The study of these first galaxies is extremely difficult. Even if their initial luminosity is high, viewed from the Earth they seem very weak and small. Moreover, this weak light falls most of the time into the infra-red part of the spectrum because its wavelength was redshifted by the expansion of the universe. In addition, at these early times, less than one billion years after the Big Bang, the Universe was not entirely transparent and a great part was filled of hydrogen fog which absorbs the UV light of the young galaxies. Indeed, the first galaxies do reionize the intergalactic space, and during this period, called the epoch of reionization, the Universe includes patches of ionized hydrogen in a continuum of opaque neutral hydrogen. In spite of these challenges, the new wide field camera on the Hubble Space Telescope discovered in 2009 several objects, candidates to be the most remote galaxies. The confirmation of the distances from such weak objects is an enormous challenge which can only be addressed by the spectroscopy on large ground-based telescopes, by measuring the redshift of the light of the galaxy. A Franco-British team, led by a researcher from Paris Observatory, made a special request to the director-general of ESO and obtained telescope time on the VLT to observe a candidate galaxy called UDFy-38135539 during 16 hours. After two months of very careful analysis and tests of their results, the team noted that they had clearly detected the very weak hydrogen line redshifted to z= 8.6, which makes this galaxy the most distant object ever confirmed by spectroscopy. A redshift z=8.6 corresponds to a galaxy seen just 600 million years after Big Bang.
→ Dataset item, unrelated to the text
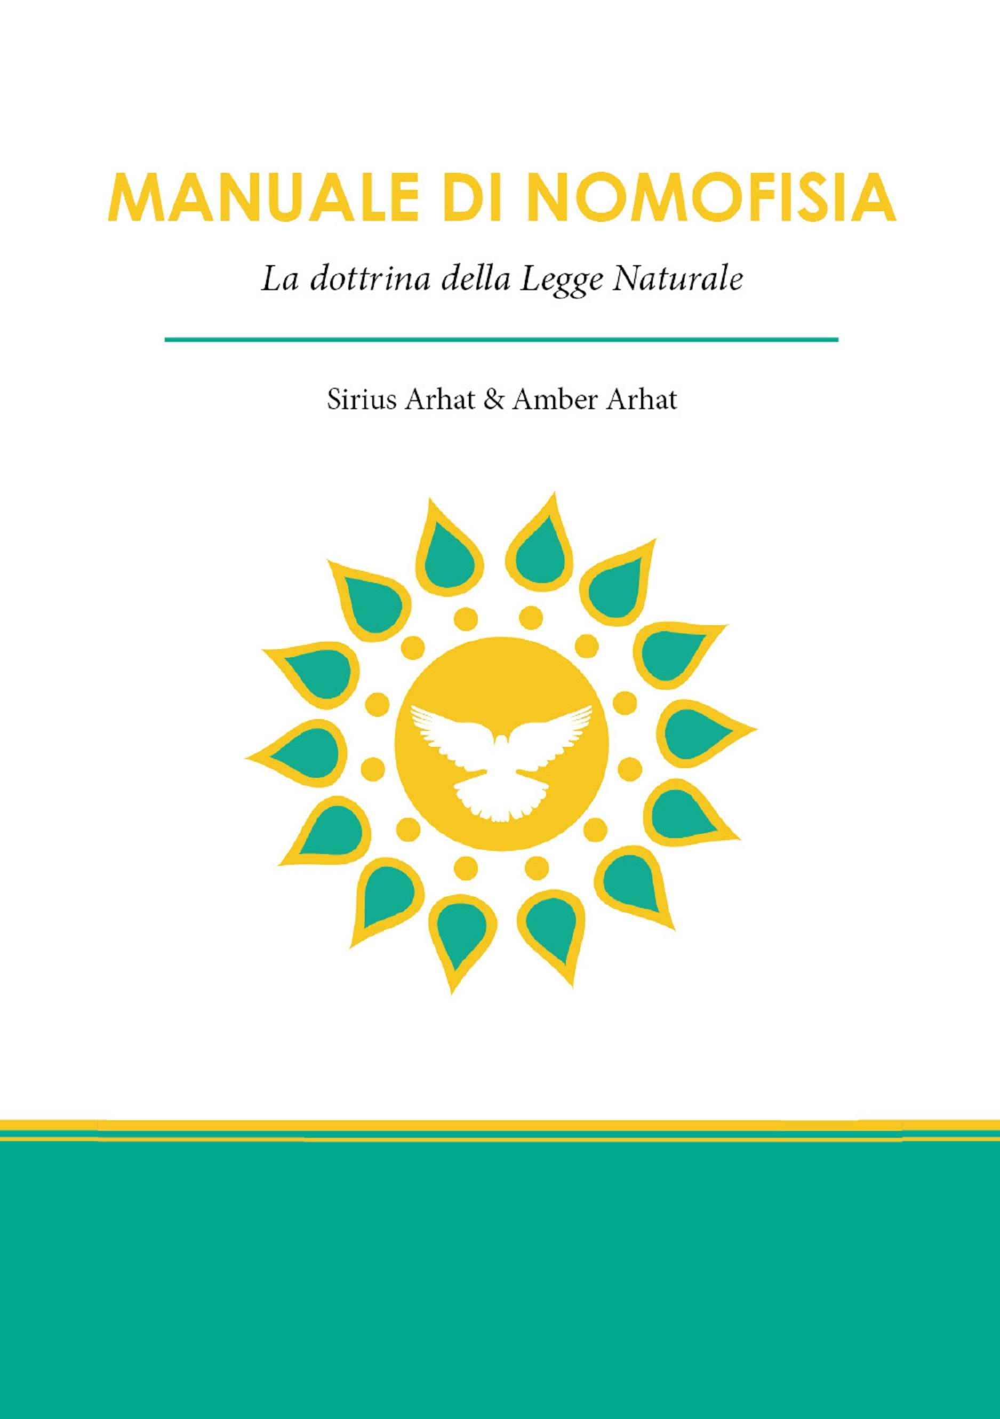 Manuale di Nomofisia. La dottrina della Legge Naturale
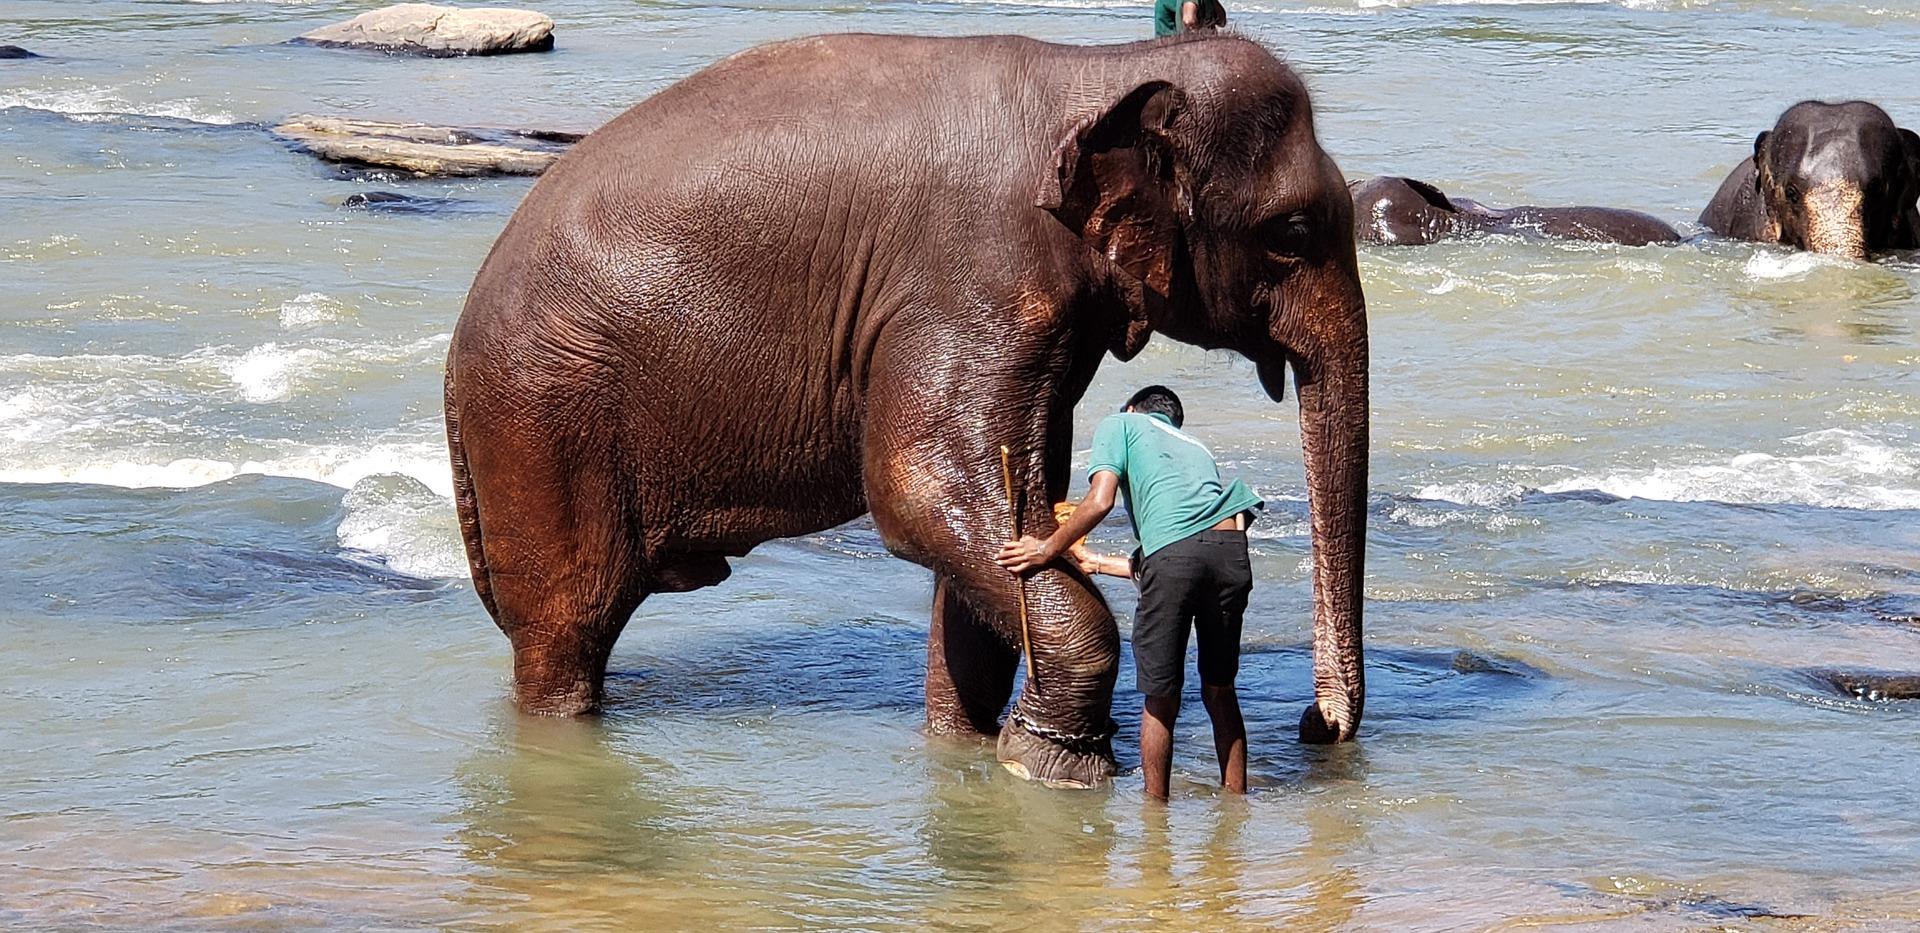 elephants-bathing

The detection of this weak luminosity in Lyman-alpha shows that this galaxy is not sufficient to have reionized the Universe around it. There must be other galaxies, probably weaker, less massive and close to this galaxy, which also helped to make space transparent around it.

At the limit of capacity of the current telescopes, this type of scientific problems could be fully approached with the very large instruments of the future, i.e. the European Extremely Large Telescope (E-ELT), the James Webb Space Telescope (JWST), or the large millimetre interferometer ALMA (Atacama Large Millimeter Array).